In the past 12 months, 17% of consumers initiated a payment dispute, says John Buzzard, lead analyst for fraud and security at Pleasanton, Calif.-based Javelin Strategy & Research. “It’s likely this number is going to increase as a result of Covid fallout,” Buzzard says.
“Anecdotally,” he adds, “we are hearing from some major processors that they are seeing an increase in friendly fraud chargebacks in the past two months as consumers have increasingly had buyer’s remorse and continuing financial uncertainty. This has been different than initial disputes centered around undelivered goods—think travel—that occurred when lockdowns first went into effect.”
The travel-and-hospitality industry saw a lot more disputes that Wixted says were not necessarily related to fraud, but could have emanated from a customer-service issue. A consumer calling to cancel a flight might have been frustrated by hold times, gave up, and chose to file a dispute, he says.
Menacing Aspect
The other menacing aspect of the pandemic is that online shopping already is at elevated levels as the fourth-quarter holiday shopping season looms.
One concern centers on whether online shopping will continue to outpace prior quarterly sales. In 2019, fourth quarter e-commerce sales accounted for 11.3% of all U.S. retail sales, according to the Census Bureau, up slightly from 11.2% in the third quarter.
“I don’t know if we’ll see high e-commerce volumes month-over-month,” says Sutherland. “Will it stay at a rate that is higher than 2019? One thing that definitely came out of the pandemic is a level of uncertainty as it related to the economy and as to whether a state remains open or closed.
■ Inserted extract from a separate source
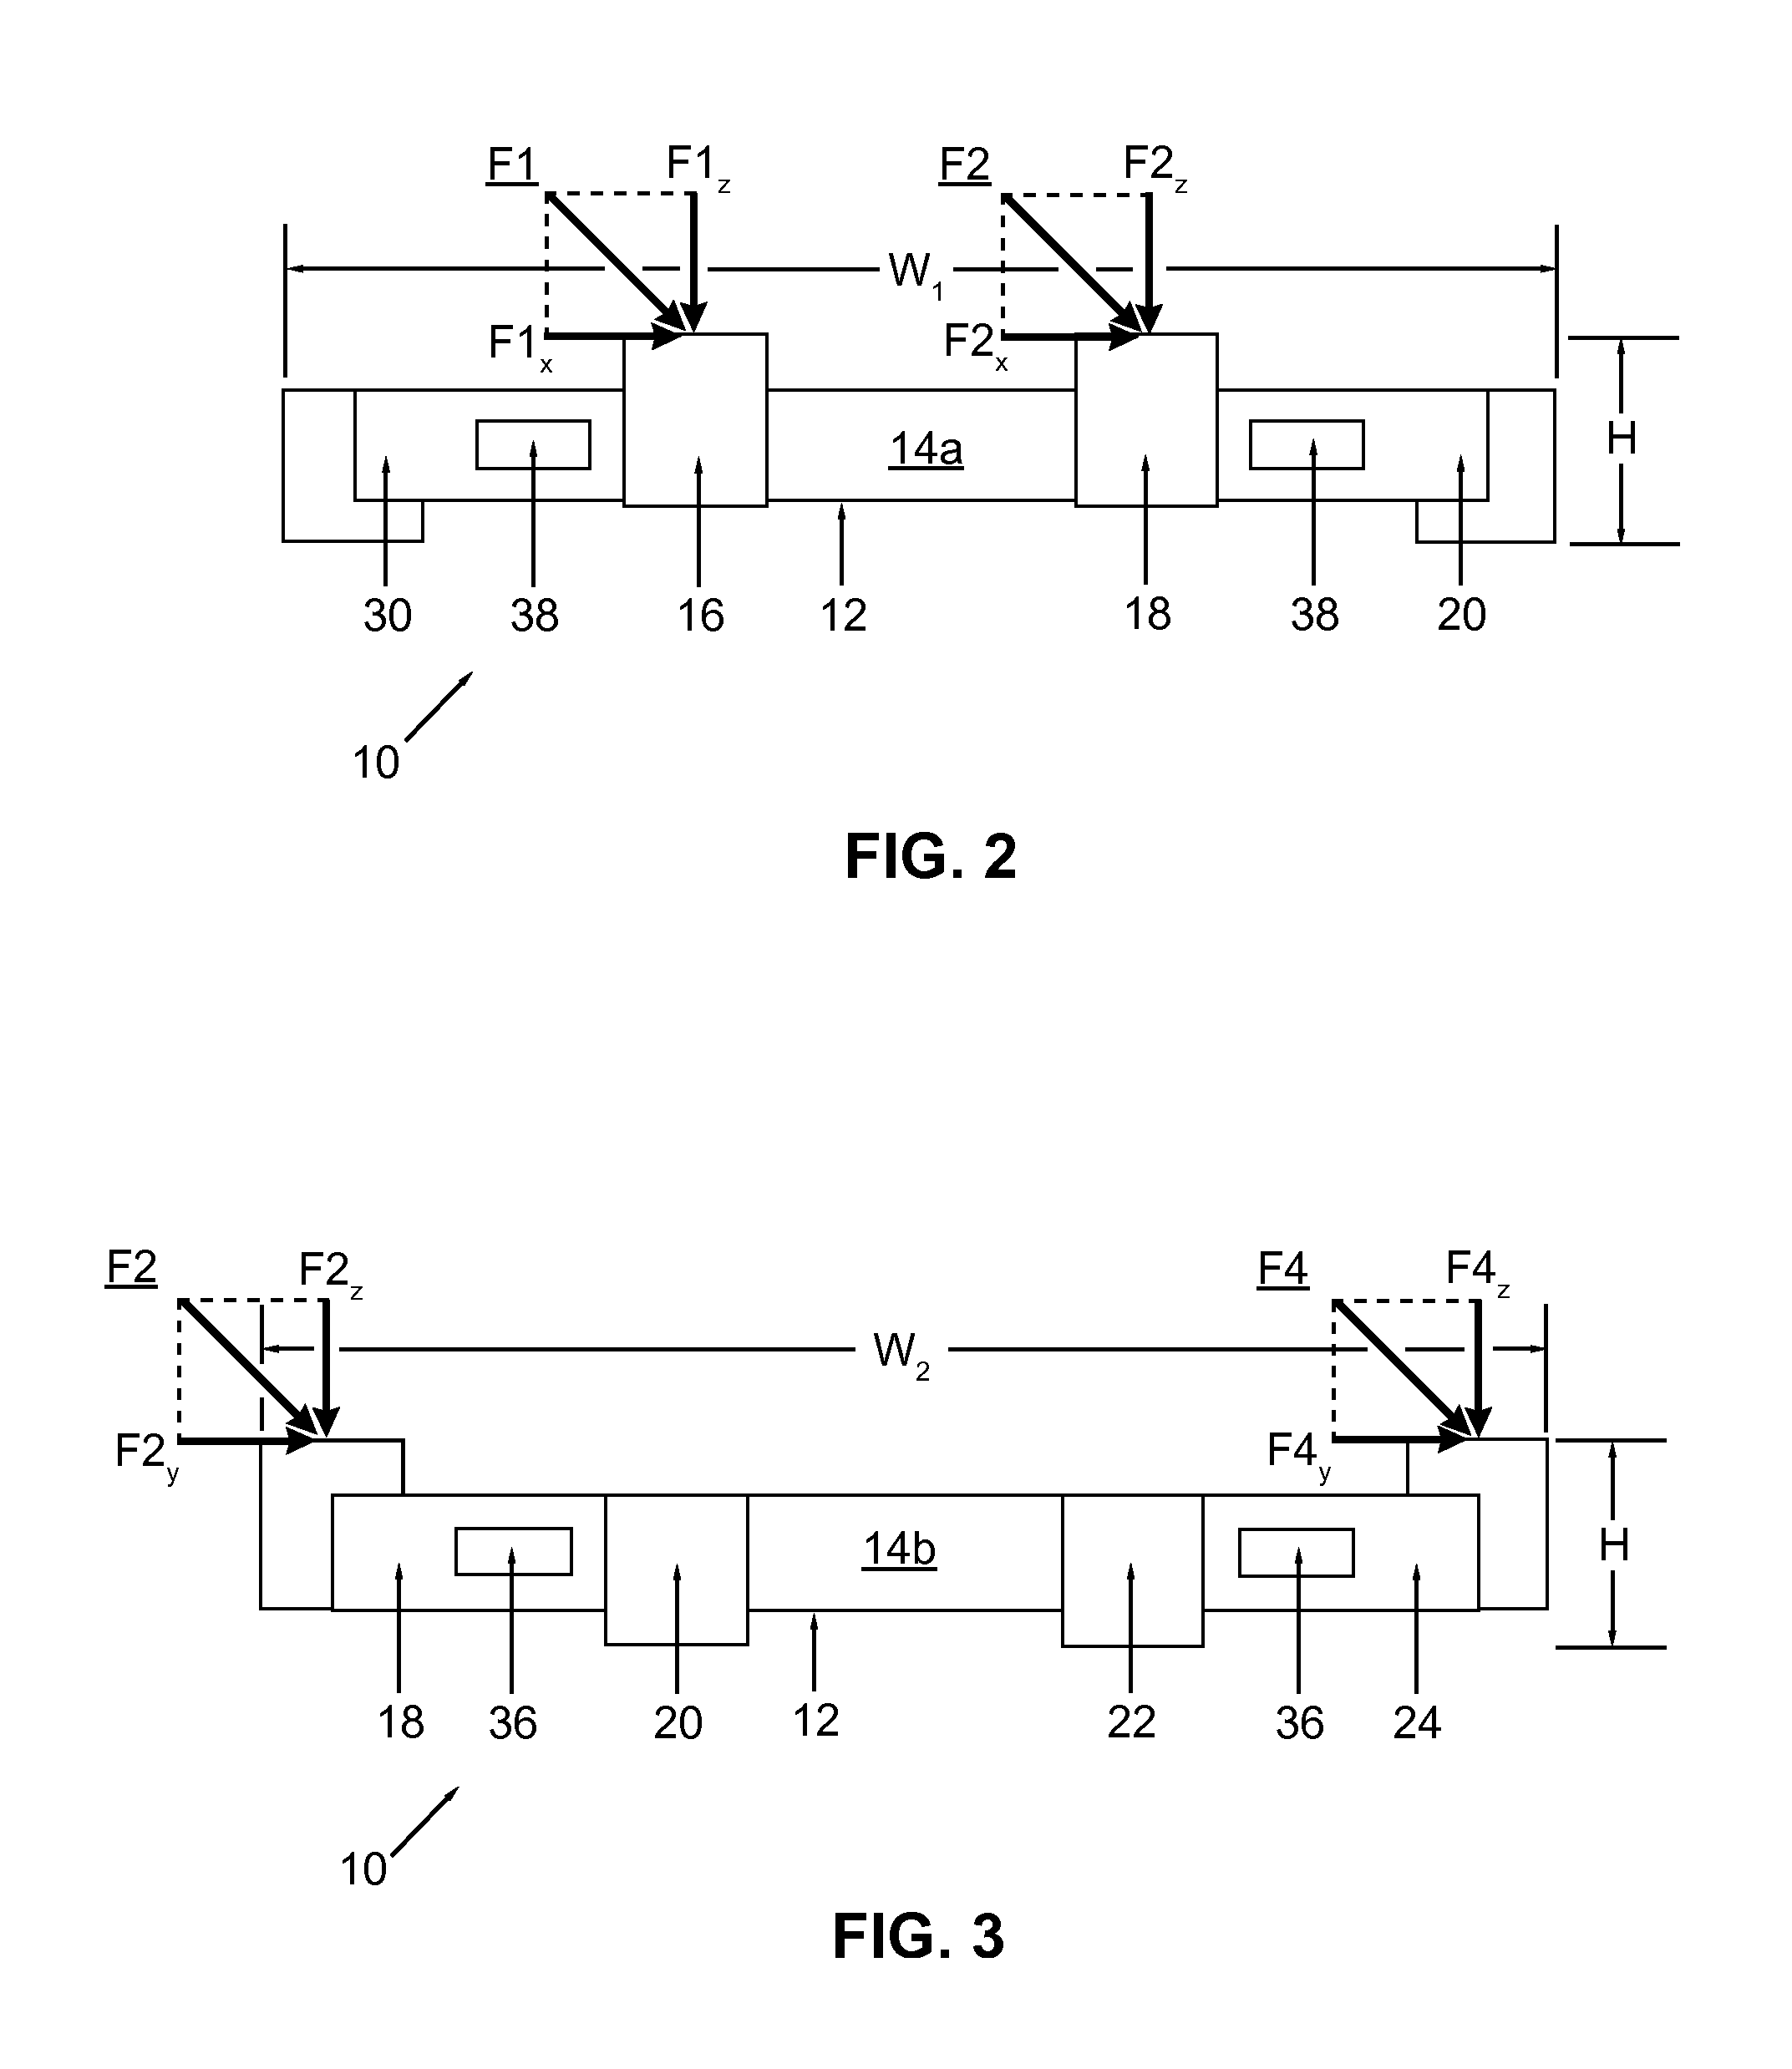 Load transducer and force measurement assembly using the same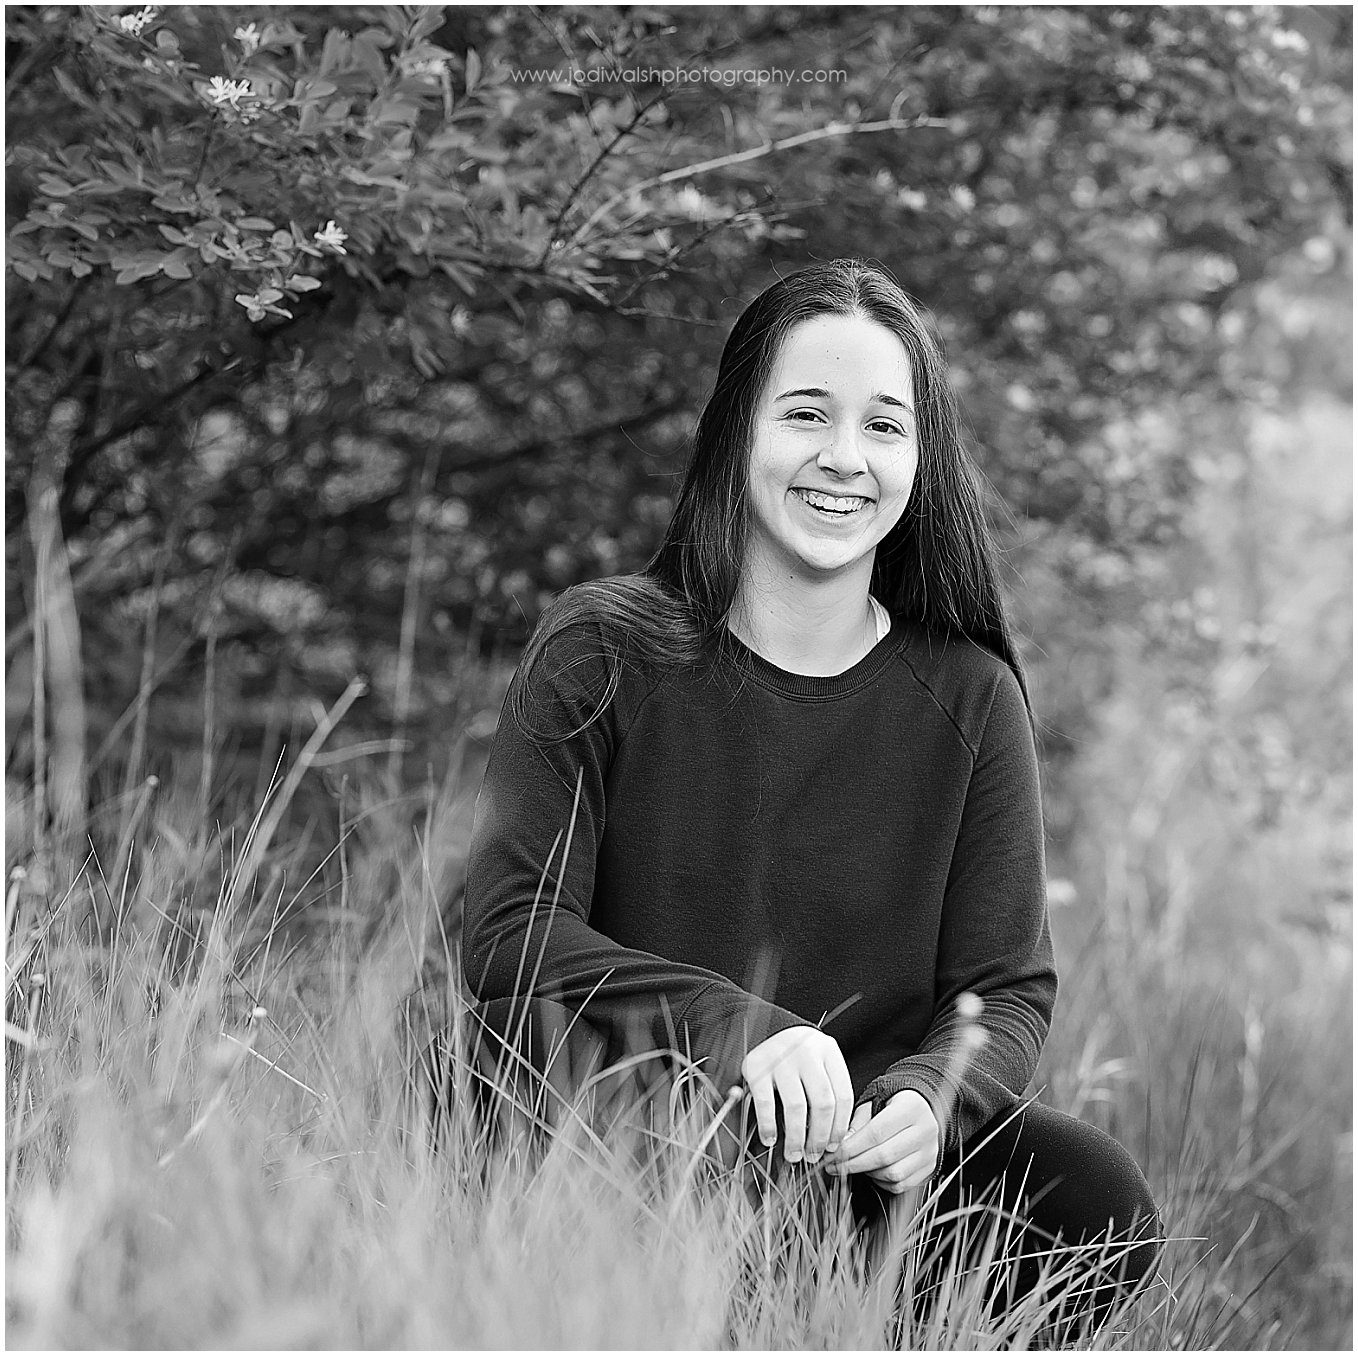 black and white image of a teen girl sitting in tall grasses smiling

Because of the uncertainty, many consumers are hesitant to make big purchase decisions.”
Criminals, too, may be anticipating the fourth quarter. “Not just from a fraud perspective, but from an economic standpoint, there may be more opportunistic fraud,” says Fiserv’s Ritonya. “There may be ways we start to see increases in disputes that are not valid.”
In addition to holiday shopping, the fourth quarter also signals a lot of personal-care purchases. “If the current trajectory for [card-not-present] payments continues, we will see a stronger usage develop around the holidays as health needs shift into consumer staples and personal-care items,” Buzzard says.
He adds: “Scarcity will drive demand and the demand, we anticipate, will mostly likely send more than a few consumers to fraudulent Web sites where they will be victimized in some way.”